Johnson advocates for more Native American students to have careers in STEM, particularly geoscience, to address environmental challenges. Johnson was the Principal Investigator and director of the American Indian Summer Institute in Earth System Science, a residential summer program for high school students hosted at UC Irvine. The program was established in 2011 by Johnson and the American Indian Resource Program staff at UC Irvine with grant funding of more than $1M from the US National Science Foundation before ending in 2017. In 2016, the program had 129 participants from over 50 tribes. During the 2016 Bromery Award ceremony, she said: "...Native Americans are the most underrepresented of all ethnic minorities in the earth sciences....while I strongly value and love my paleoclimate and geochemistry research, I can truly say that it is my work with Native youth that has provided me with the most joy and hope for the future of our planet."

== Awards and honors ==

- Outstanding Contributions to Undergraduate Education, School of Physical Sciences, University of California Irvine, 2010 and 2012
- Chancellor’s Award for Excellence in Fostering Undergraduate Research, University of California Irvine, 2013
- Geological Society of America Bromery Award for Minorities, 2016
- Fellow of the Geological Society of America
- 2018-2019 UCI Inclusive Excellence Spirit Award for “UCI Natural Reserves and Building Relationships with Native Nations as Kuuyam (guests) on Indigenous Homelands.”

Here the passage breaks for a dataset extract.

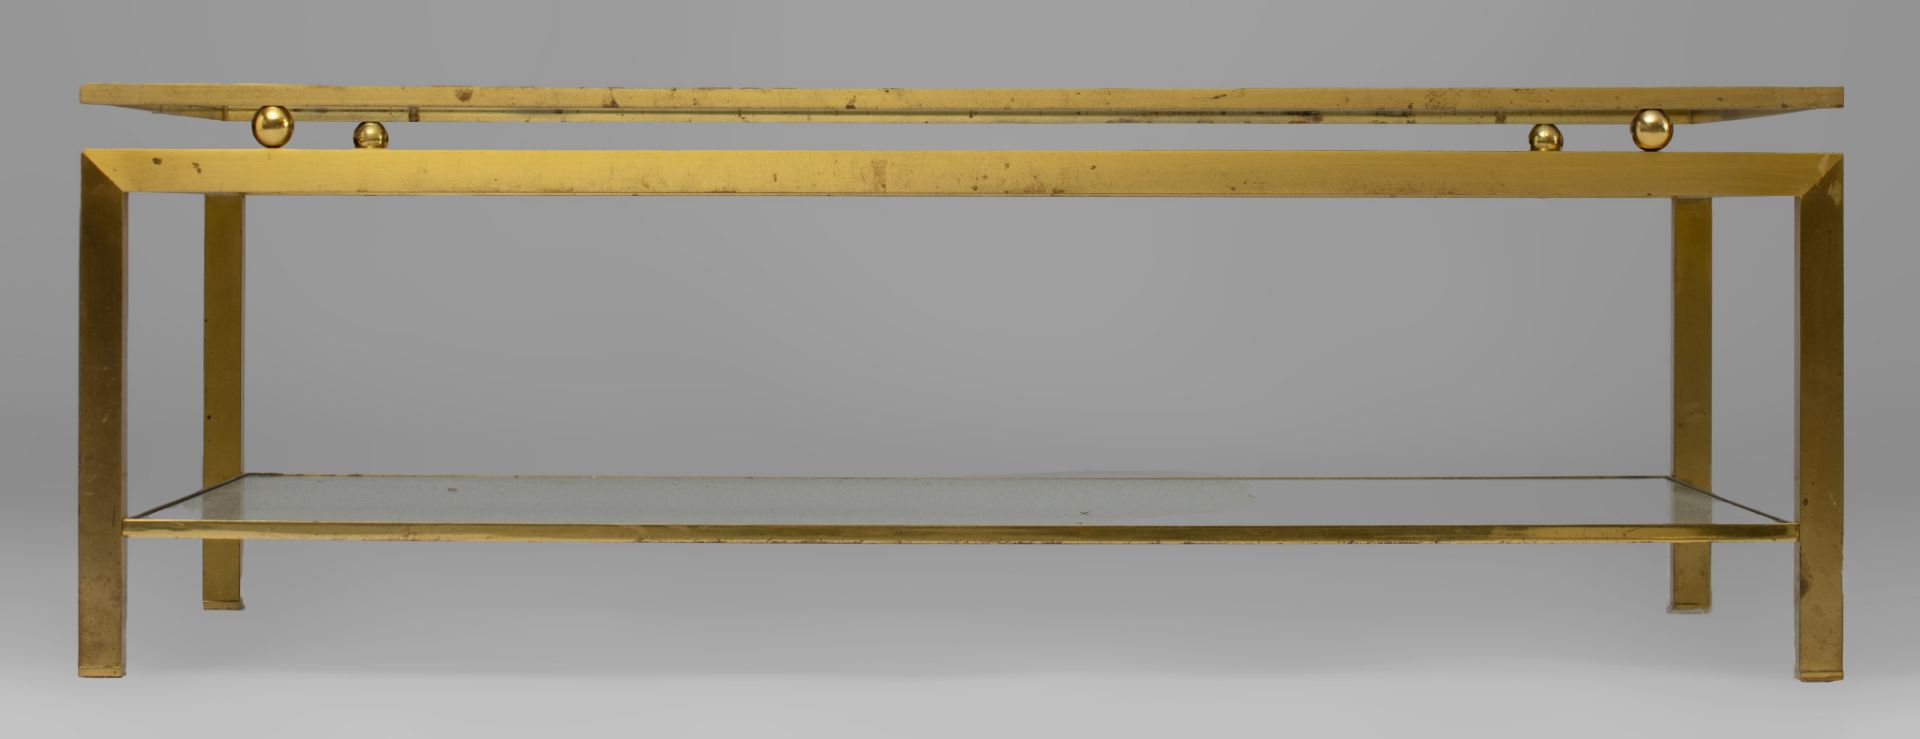 A vintage polished brass and glass coffee table by Maison Jansen, H 40 - W 120 - D 80 cm - Image 2 of 5

- College-Level Promotion of Education Award, 2018 Women of Color in STEM Conference, Career Communications Group, Inc.
- 2017-2018 UCI Inclusive Excellence Spirit Award for “Cultivating Consciousness in Acjachemen and Tongva Homelands”
- 2016 Bromery Award for Minorities, Geological Society of America (Sept. 25th, 2016)
- Chancellor’s Award for Excellence in Fostering Undergraduate Research, University of California, Irvine. (May 18, 2013).
- Gary Comer Abrupt Climate Change Foundation Fellowship. (August 2004 - June 2007).
- Graduate Student Research Grant, Geological Society of America. (2002).
- Scholarship in Geochronology, Berkeley Geochronology Center. (1999 - 2002).